### Work task
Your task is to copy the listing exactly, with the pictures left out.

### Exercise data
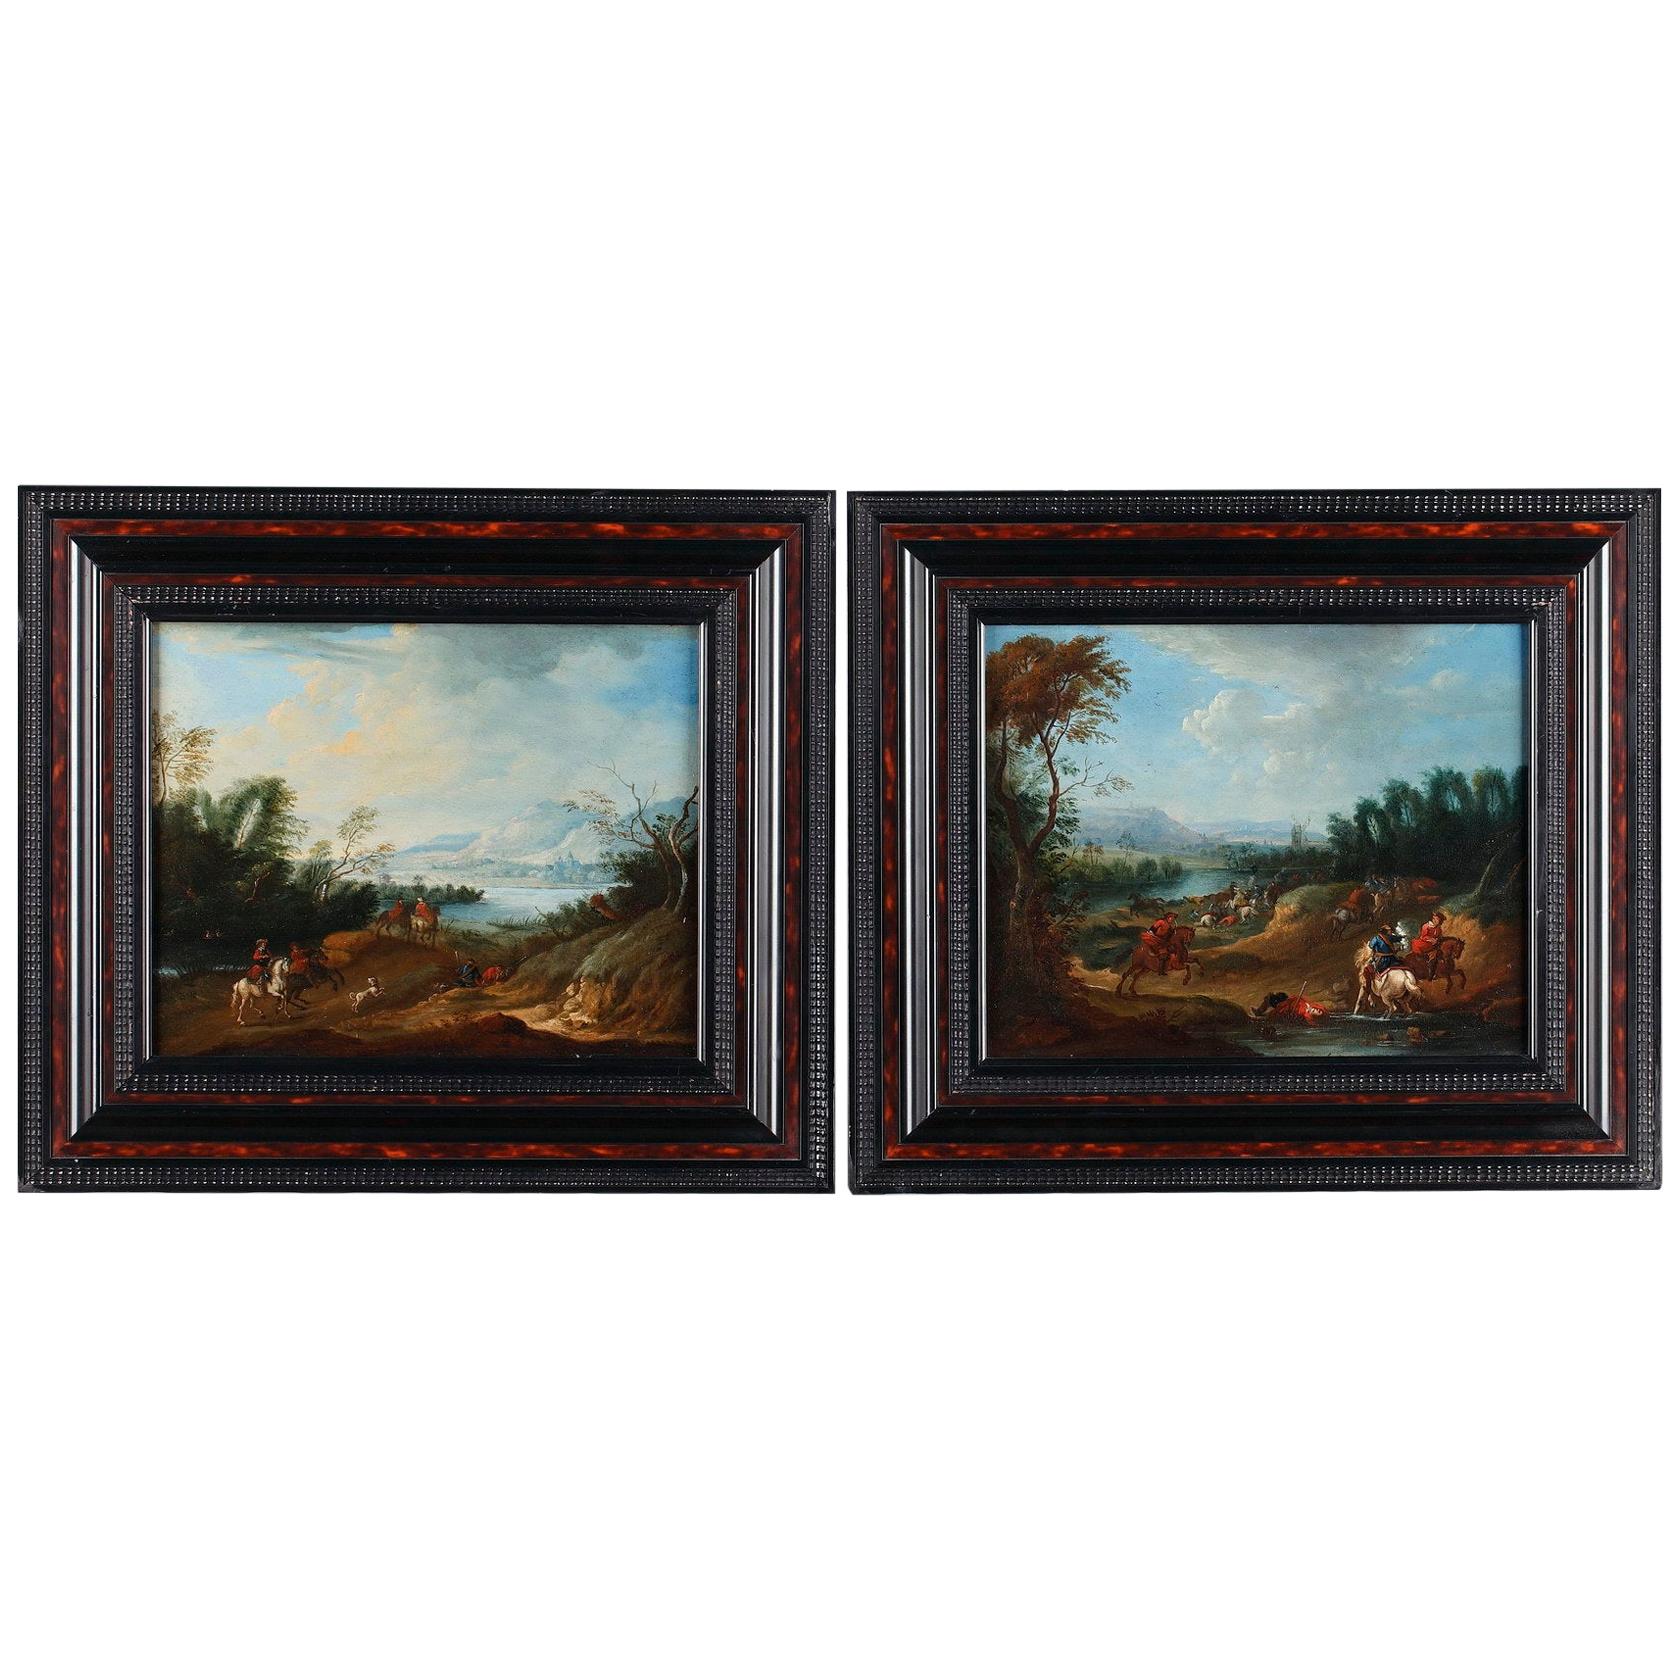 Two Landscapes Attributed to Elias Martin
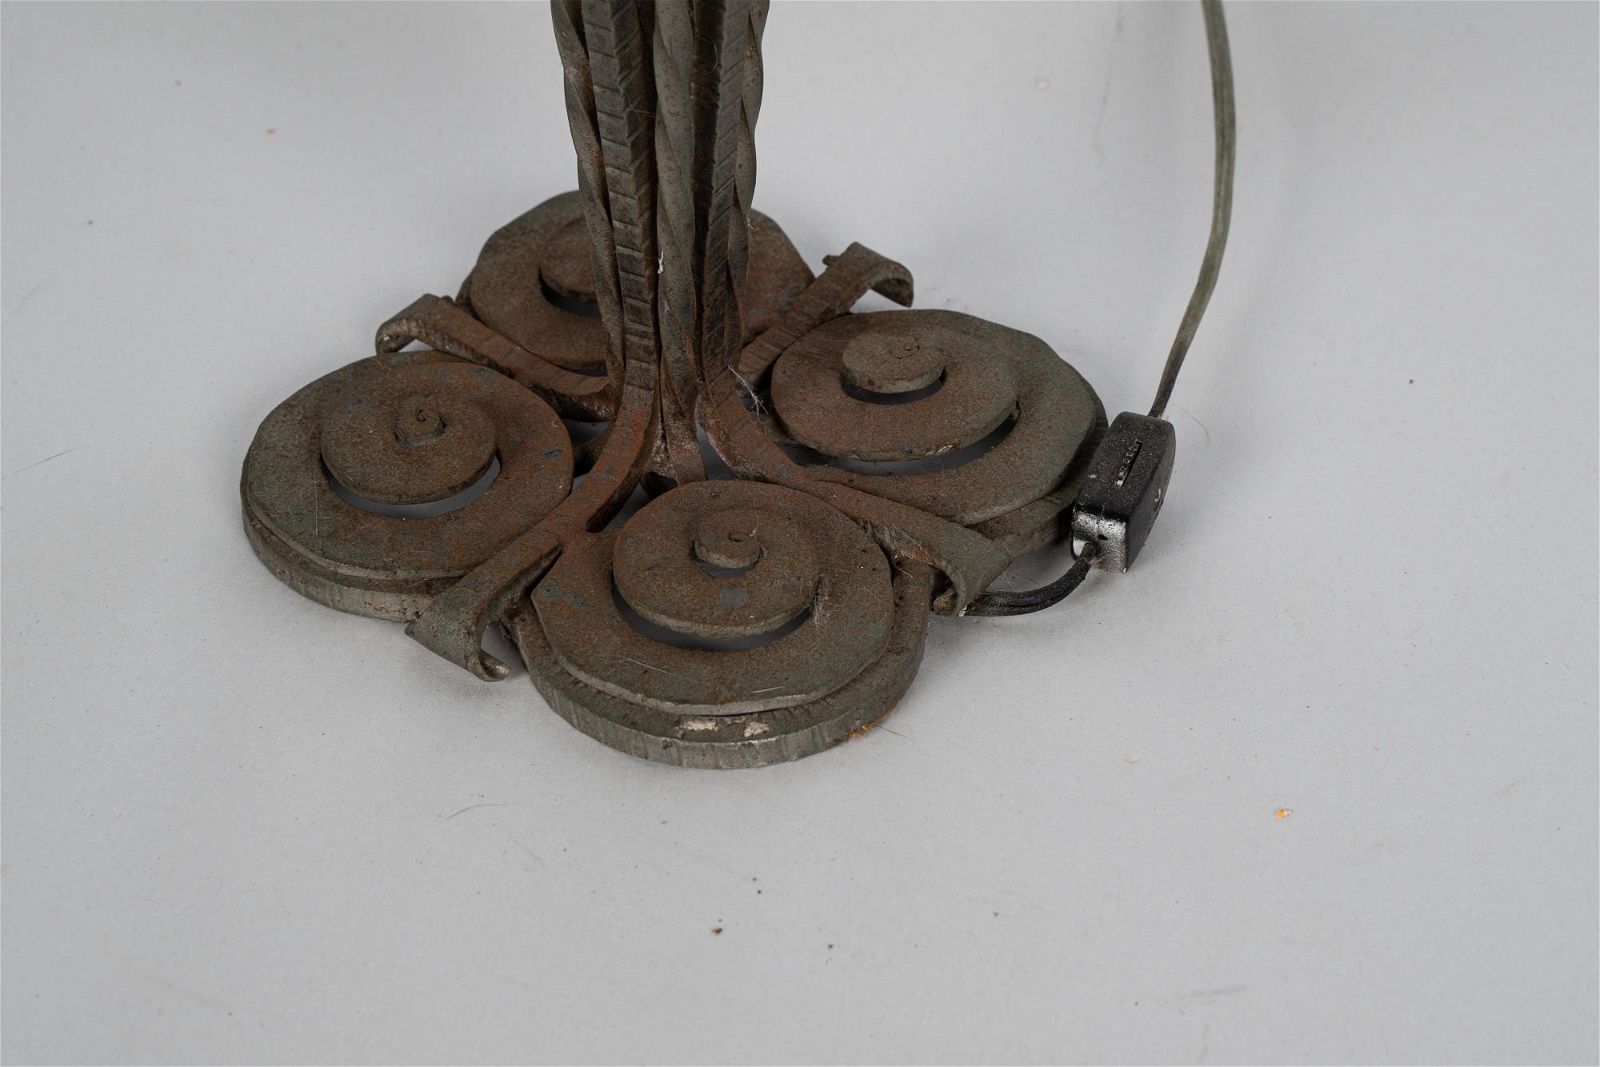 AL2-012: EARLY 20TH CENTURY FRENCH ART DECO HAND FORGED WROUGHT IRON LAMP
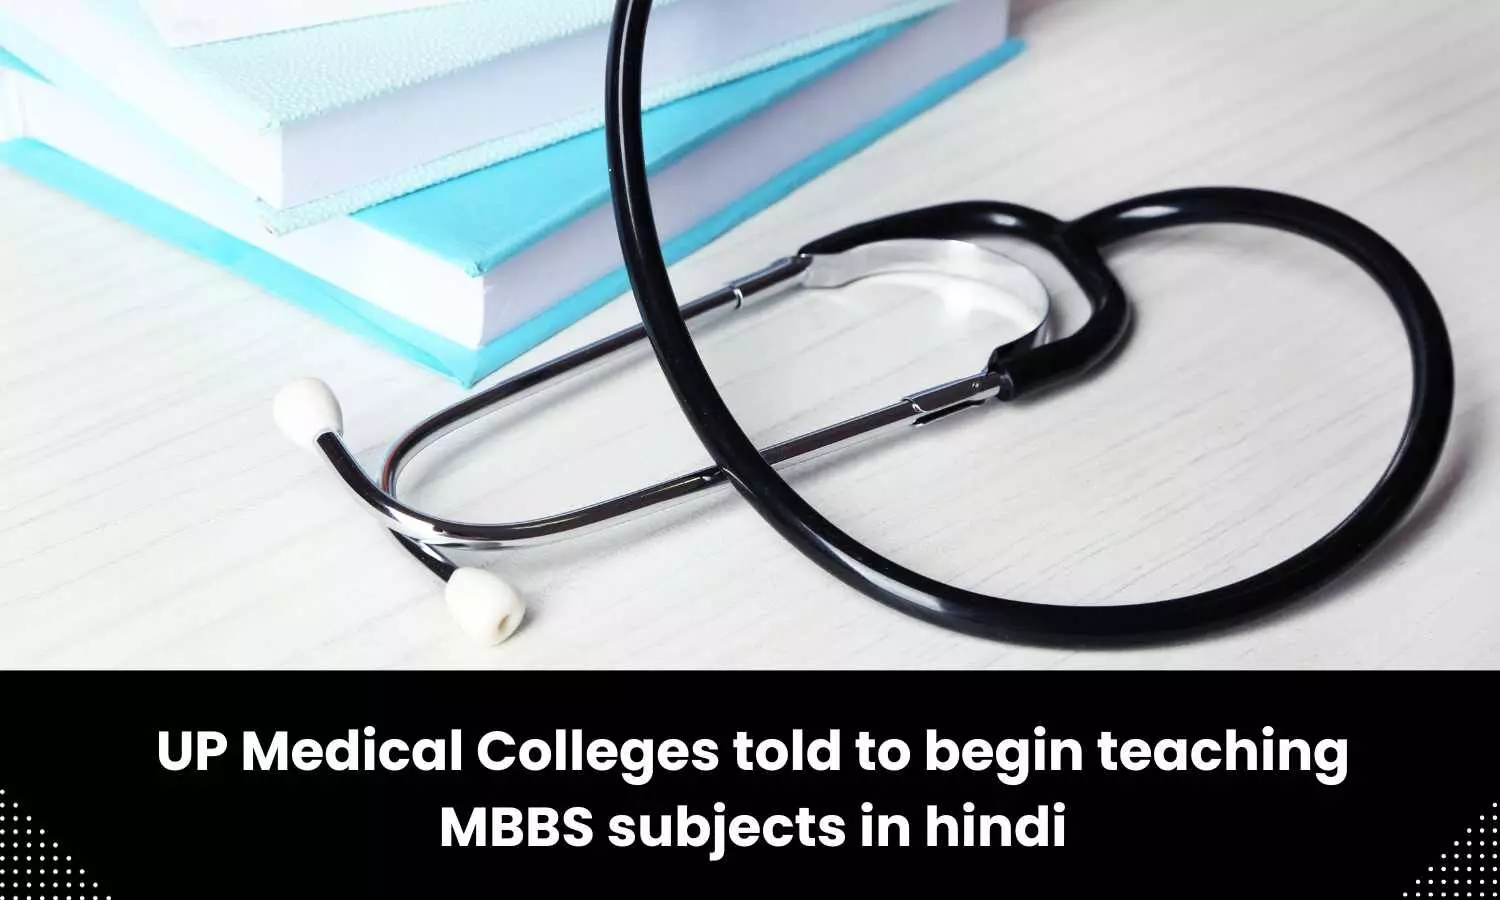 Medical colleges in UP asked to start teaching MBBS subjects in Hindi

### Exercise result
 Two Landscapes Attributed to Elias Martin
 AL2-012: EARLY 20TH CENTURY FRENCH ART DECO HAND FORGED WROUGHT IRON LAMP
 Medical colleges in UP asked to start teaching MBBS subjects in Hindi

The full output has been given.